→ **TASK DESCRIPTION**
Copy the complete listing word for word, but do not carry over any images.

(MATERIAL PROVIDED Opens)

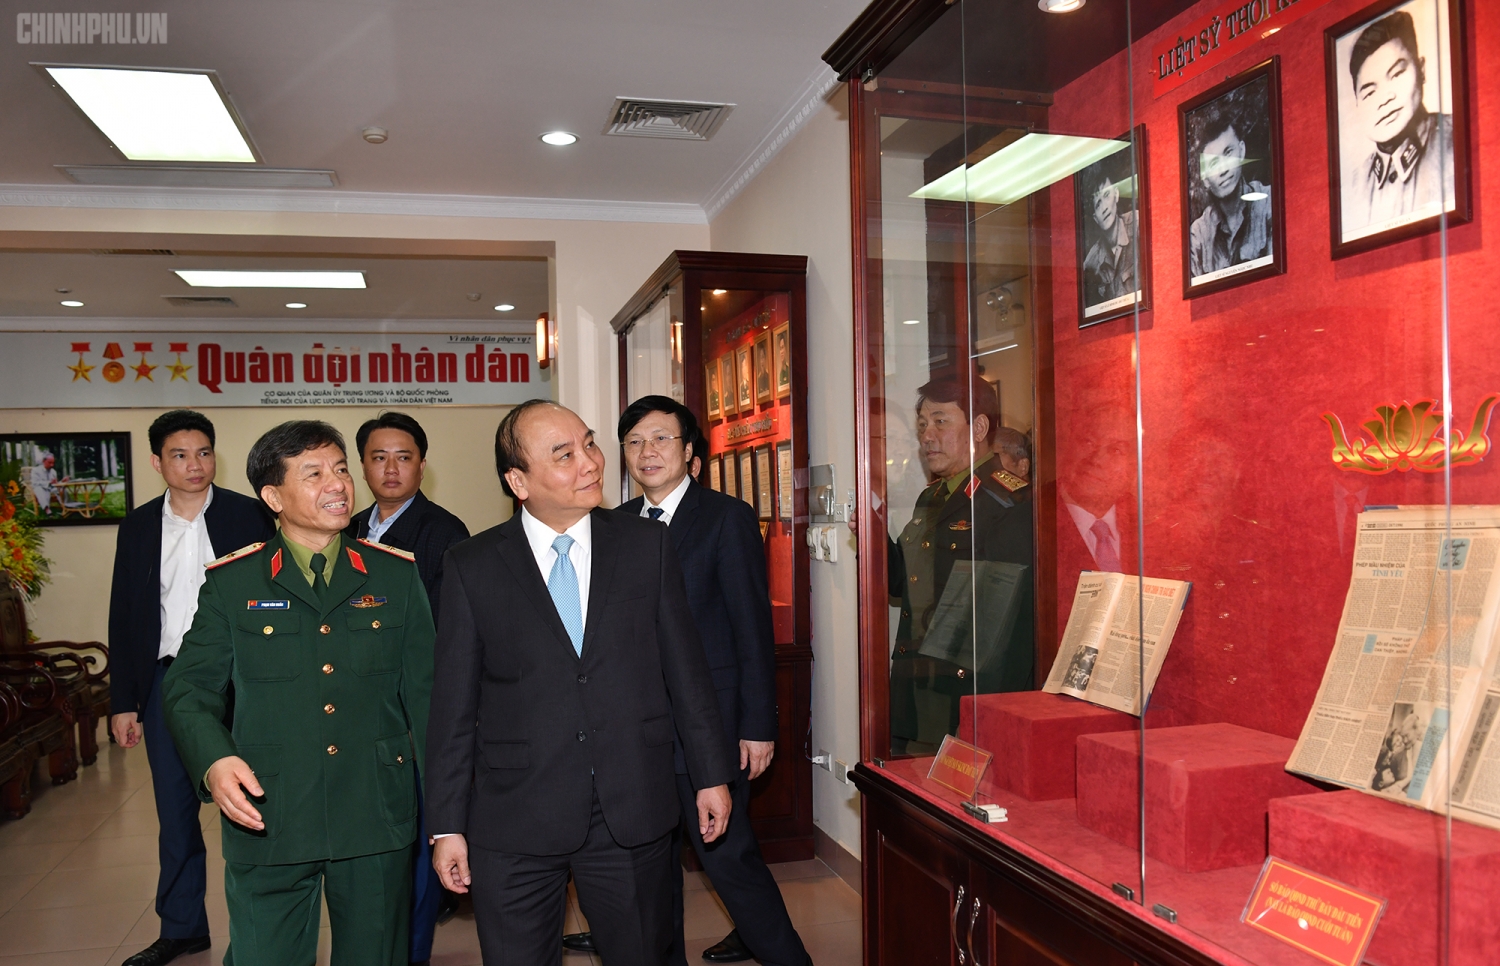 Thủ tướng thăm Báo Quân đội nhân dân
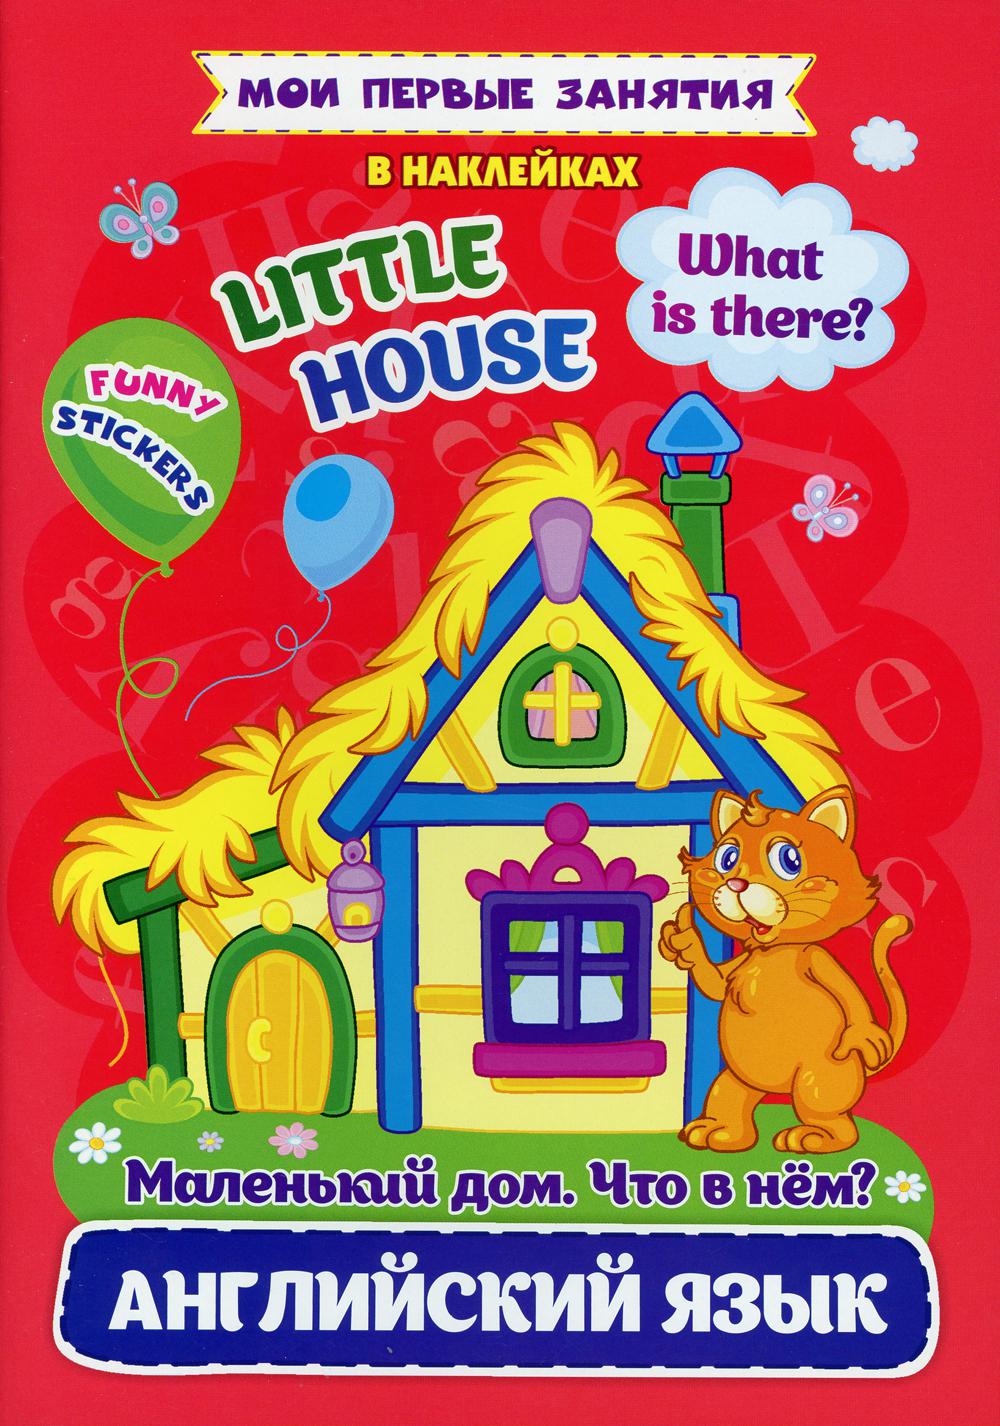 Маленький дом. Что в нем? Little house. What is there? Английский язык в наклейках: Funny stickers
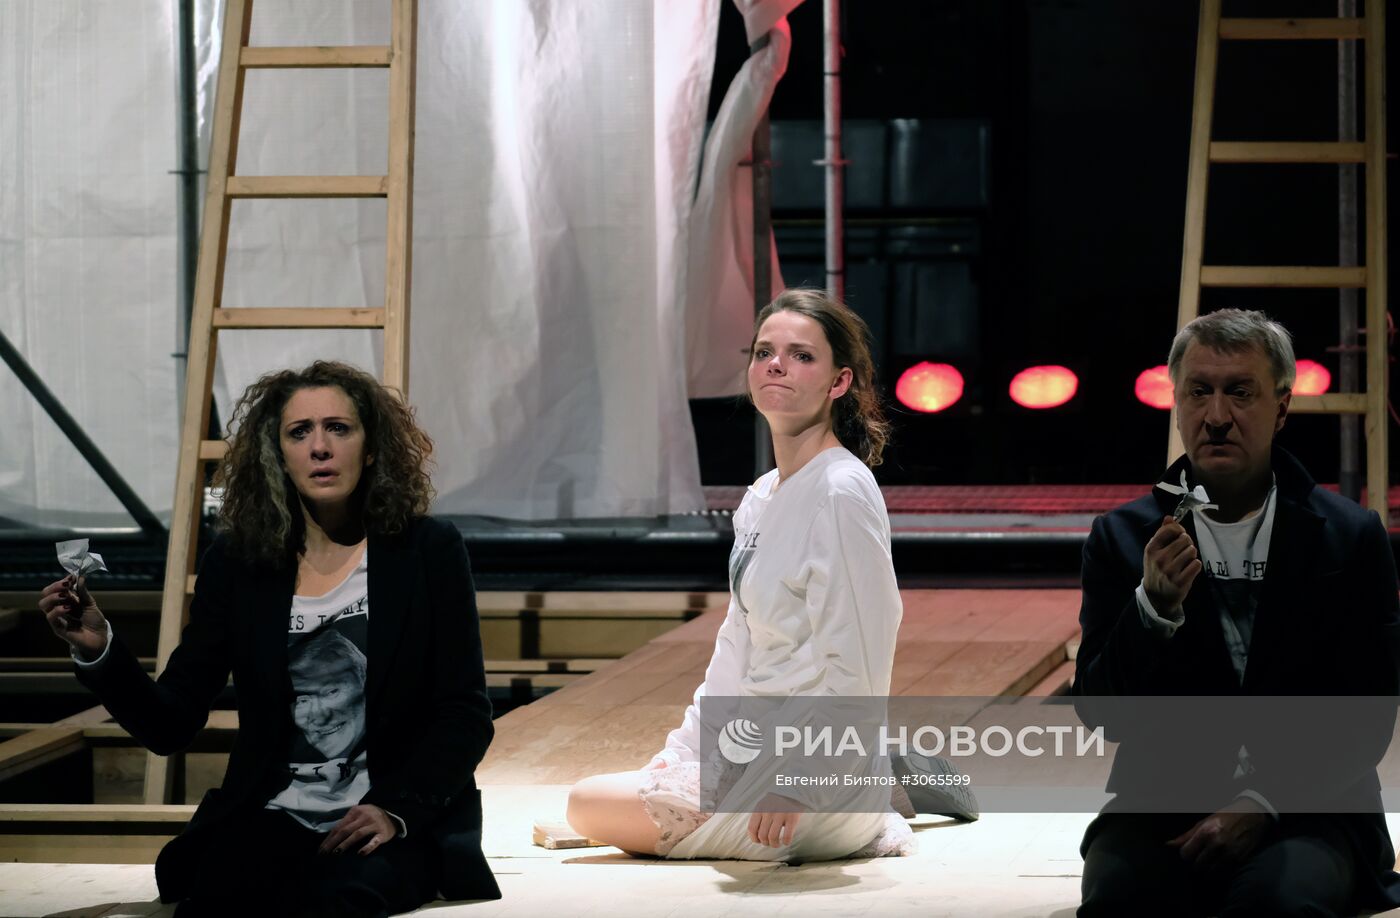 Прогон спектакля "Гамлет" в рамках фестиваля "Золотая Маска"

(MATERIAL PROVIDED Closes)

→ **YOUR RESPONSE**
 Thủ tướng thăm Báo Quân đội nhân dân
 Маленький дом. Что в нем? Little house. What is there? Английский язык в наклейках: Funny stickers
 Прогон спектакля "Гамлет" в рамках фестиваля "Золотая Маска"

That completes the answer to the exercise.